The belief in the Santeria religion is that Yemaya’s greatest gift to humanity is the seashell. Seashells were important since one could hold them to one’s ears and listen toYemaya. Yemaya shows the quality of using communication to find a balance, which Temperance the tarot card mentions. Yemaya helped people find an inner balance too. The god of Santeria Sexuality Shango was the son of the Orishas Obatala and Yemaya. Unhappy with his home, Shango ran away. Yemaya took in the wretched boy and brought him up with love. As Shango grew older, he would either be making war or love, being an incorrigible flirt and seducer. Once he saw Yemaya at a gathering and was so smitten by her that he decided to add her to his conquests.

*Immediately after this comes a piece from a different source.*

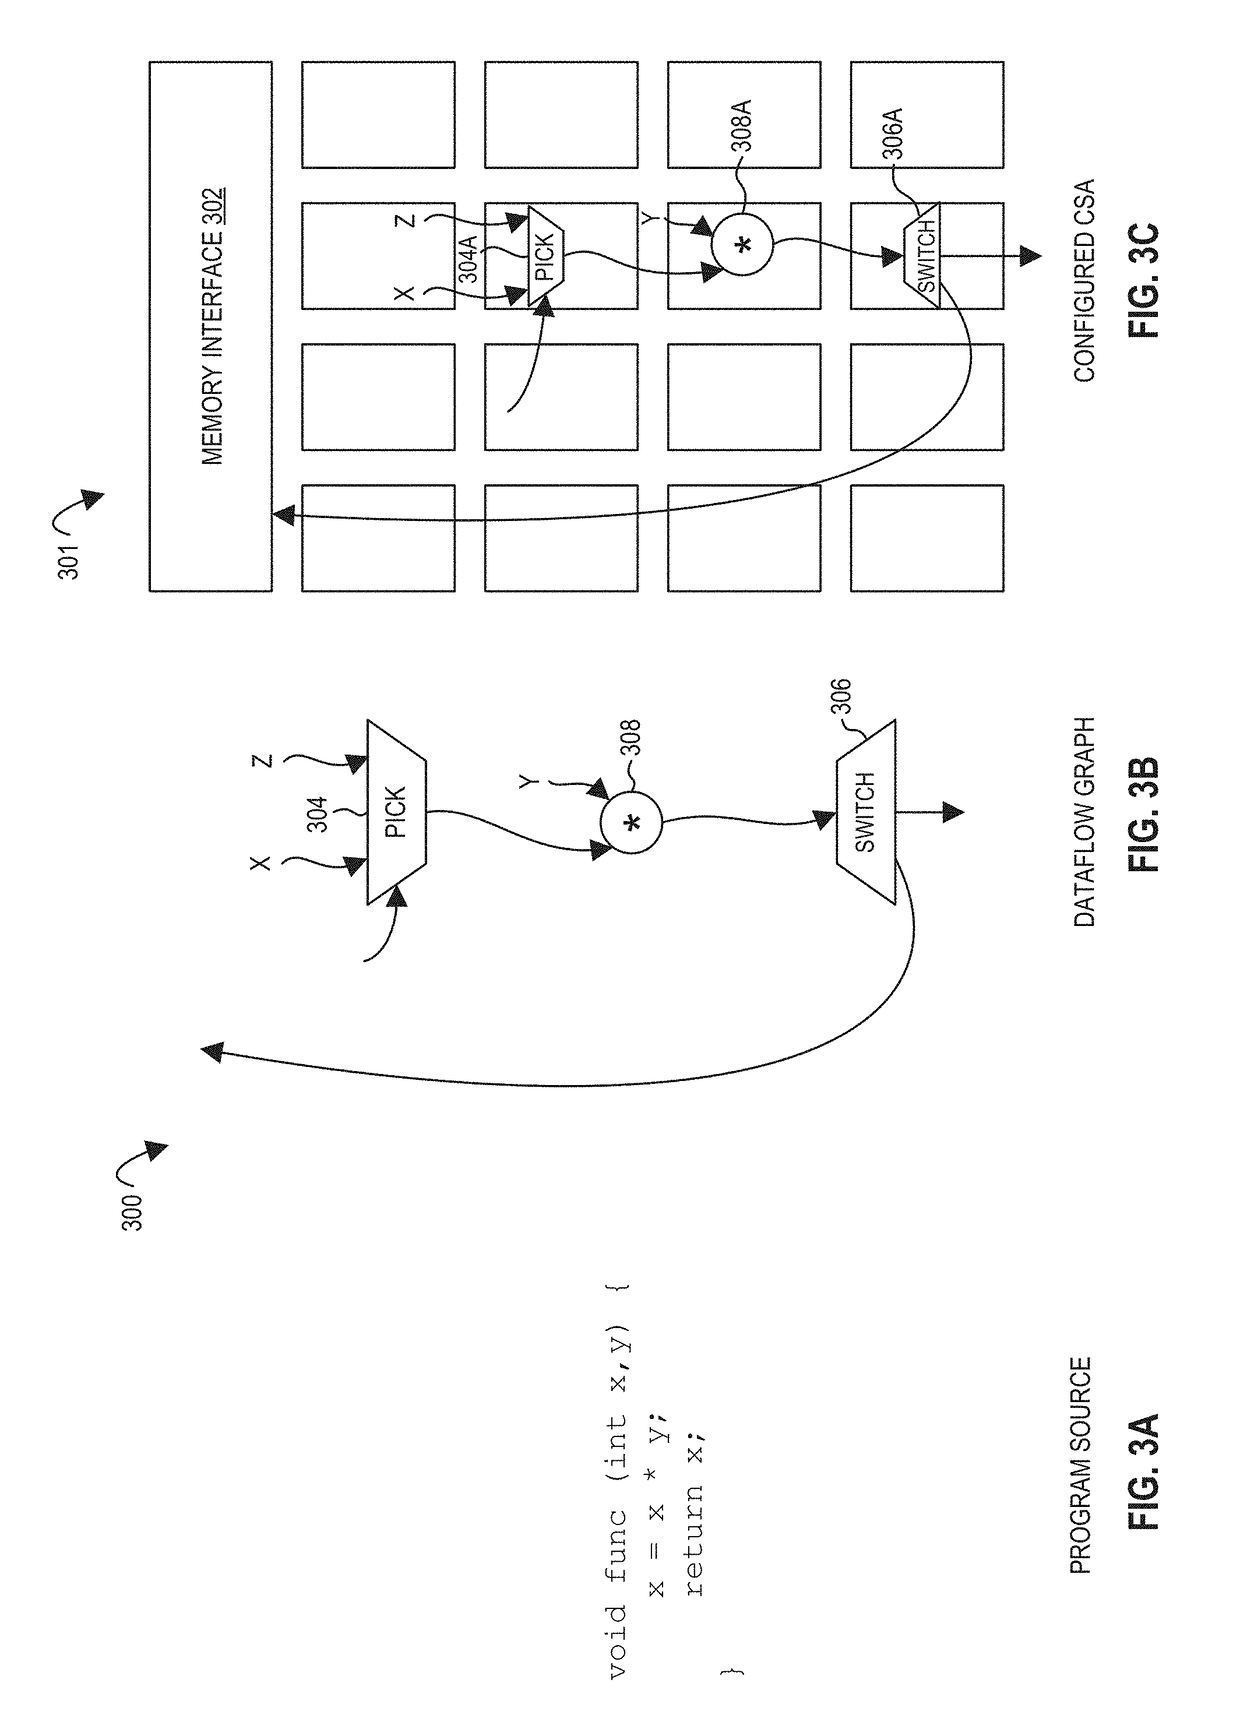 Processors, methods, and systems for a configurable spatial accelerator with security, power reduction, and performace features

Yemaya played along with Shango and led him onto a boat and then to a secluded area in the middle of the ocean. She then jumped into the water and disappeared under it, shaking the boat, till Shango saw his life flash before his eyes. Then a wave hit him and half-drowned as he pulled himself back onto the boat, he saw Yemaya reappear riding another wave. When he begged her for help, she agreed if he would show respect to his mother. Shango then realized that he had two mothers, both the woman who birthed him and the one who nursed him and he let go of the anger towards his mother. While he still is the god of Sexuality and seduction Yemaya knocked some balance into him and while he seduces women still he does respect them. Yemaya shows how by trying to find a balance between yourself and the other, it is not very hard to let go of resentment. Invoking Yemaya will help the seeker find a balance within themselves too. The balance that the water cycle aims to achieve is the balance that Yemaya wants us to invoke in our lives. Finding an equilibrium is a dynamic task since every moment something is going on. However, once we do find an equilibrium and habitually aim to achieve it, the practice becomes easier over time. Temperance is a time of careful balancing and adjustment to integrate the new or just flow better with whatever is happening in your life. Some sort of compromise may be needed if you are dealing with another individual. Like Yemaya balances the water cycle finds your flow, using both your rationality and your emotions.